Most people training for health, fitness, or weight loss will have little or no need to get involved with weightlifting or power lifting techniques. They will, however, use many of the same or similar exercises and training techniques, although weights used will typically be lower and the workout routine will be much less intense.
3. Bodybuilding, while not strictly an athletic event in the sense normally encountered in sports or even in weightlifting, is ultimately a competition for which the athlete trains.
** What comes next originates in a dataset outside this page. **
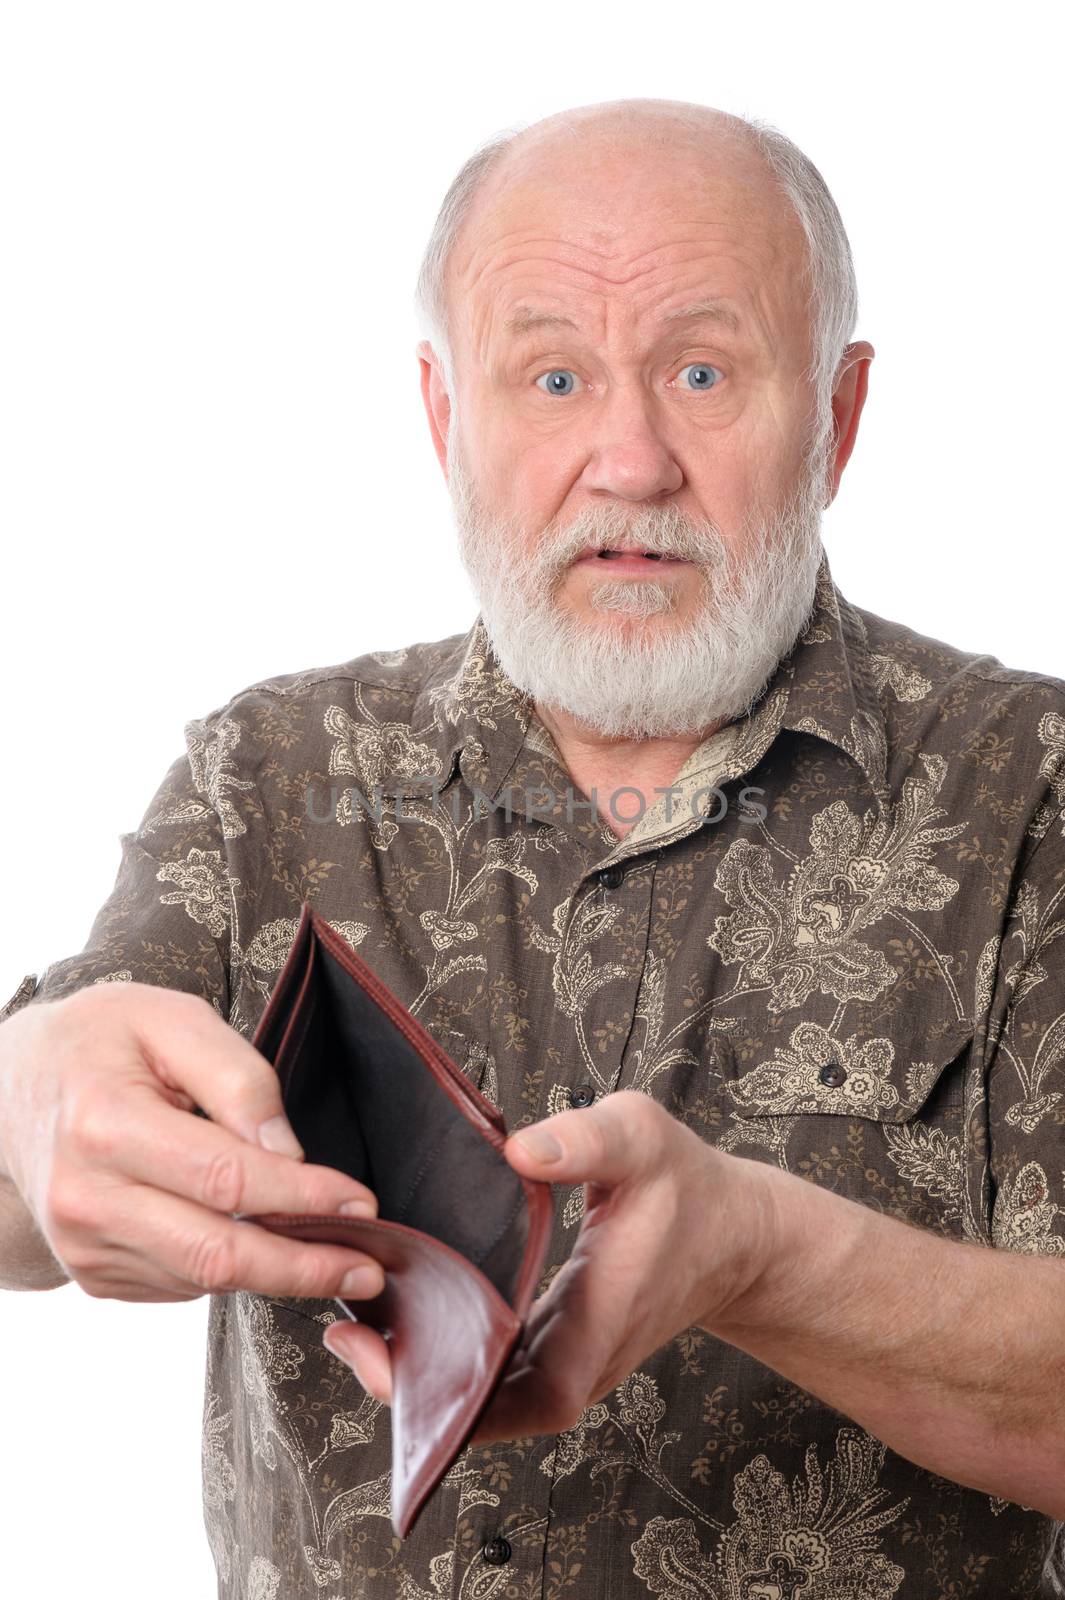 Handsome bald and bearded senior man shows empty purse, isolated on white background

The bodybuilder primarily uses weight training to produce a body appearance which conforms to certain standards. These may be the person’s own standards, or they may be the standards required for participating in bodybuilding competitions. The bodybuilder concentrates less on physical strength and power than on attaining a sculptured physique. Do not be misled, however; the bodybuilder trains hard and the training normally results in vast gains in strength and power. Over the last few years, more attention has been paid to bulk and definition, i.e. how the individual muscles and muscle groups stand out as if on an anatomy chart. Compare bodybuilders of several years ago, such as Steve Reeves (Hercules), with Darrem Charles, and the differences will emerge with modern bodybuilders striving for more muscle bulk and greater definition.
Again, however, while the average person who chooses to use weight training as part of their fitness or weight loss program will probably have a workout somewhat closer to the bodybuilder’s than the weightlifter’s, it will not be necessary to workout at the intensity of either. Results will, as pointed out above, be more within what most people would consider to be acceptable appearance.
As pointed out, it is NOT necessary to train at anywhere near the intensity and dedication of the true weightlifter or bodybuilder, or even the professional or semiprofessional athlete. To achieve very satisfactory results in appearance, fitness, health, self-esteem, and self-assurance by adding weight training to your fitness program, it will be sufficient to do a short 20 to 40 minute workout three times a week.
An actual weight training program for beginners is too much to add to this article at this time, but simple weight training programs are easily found in many books at your local library or bookstore. Just remember to keep it simple. Start off easy and build slowly. As one of my coaches used to say, the goal is to “train not strain”.